From left to right: 
SKU.1993 UltraFire C3 Cree 1xAA 1x14500 Flashlight (with Holster) $17.00 
SKU.1995 MTE 1xAA SSC-P4 42180-U Flashlight $14.50 
SKU.4596 Aluminum 1.25W Cree Flashlight (AA) $10.95 
SKU.1892 DX Cree 1-Mode Enhanced Flashlight (1xAA) $13.95
SLU.4949 DX Simply Cree Flashlight (1xAA) $8.95 
SKU.927 1W Ultrafire 1AA Green Tail Black $14.71  modded with DX SSC U-bin SWO
SKU.1120 1W 1-AA MXDL "ELLY" Flashlight Silver $7.24  modded with DX Cree P4 WD
Note the Elly can be bought already upgraded to a Cree here: SKU.2098

*The 2AA contenders*:






From left to right: 
SKU.4452 UltraFire Cree C3 Flashlight with 2xAA Extension Tube Bundle $20.50
SKU.927 1W Ultrafire 1AA Green Tail Black $14.71  modded with DX SSC U-bin SWO and C3 extension tube
SKU.889 3W Ultrafire 601A 2AA Black $16.18 modded with Kai Edison Opto KLC8
Kai SKU.2081 Optical 1.5W Nichia LED Flashlight (2AA) $15.78 modded with DX Cree P4 (FYI, this is the same stock light at the Aurora/RiverRock 2AA Nichia)
Note the extension tube for the Ultrafire C3 (which also fits the 602A1 tail) can be purchased separately here: SKU.4438

*1AA Beamshots:*

All beamshots are taken in the same order as the lights up above.






As you can see, there's a lot more tint variability on these cheap lights compared to the premium tints on my multi-level 1AA review.
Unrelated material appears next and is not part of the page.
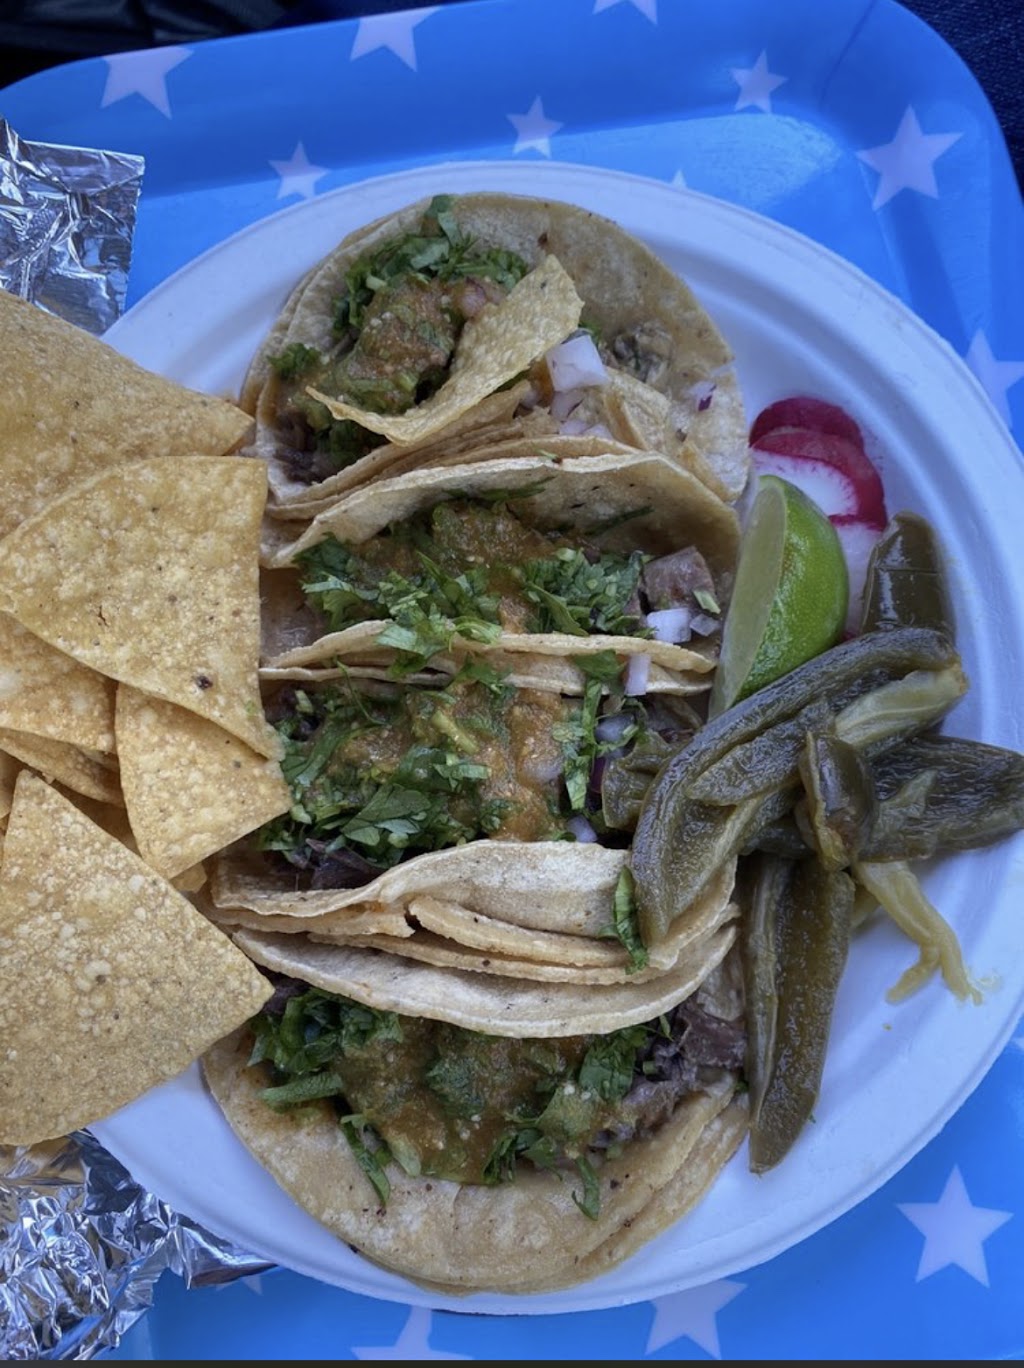 Tacos El Rey Food Truck | 800 Potter St, Berkeley, CA 94710 | Phone: (510) 593-1020

Here's a lower exposure to show you the hotspots better:






The Simply Cree beamshot is missing since the first unit I was shipped had the wrong emitter (replaced by DX). I haven't bothered to re-take the beamshots, since it doersn't look appreciably different from the other lights

*2AA Beamshots:*





Note that I sputtered the reflector of the 601A modded with the KLC8 slightly, to help with very noticeable yellow corona. The Aurora-Cree mod throws the Cree die "space invader" image as shown in this mod review thread. Again, here's a lower exposure to show you the hotspots better:






*Summary Chart for 2500mAh Sanyo NiMH*











*Method:* All my output numbers are relative for my home-made light box setup, a la Quickbeam's FR.com method. My relative overall output numbers are typically similar to his, although generally a little lower. You can directly compare all my review graphs - i.e. an output value of "10" in one graph is the same as "10" in another.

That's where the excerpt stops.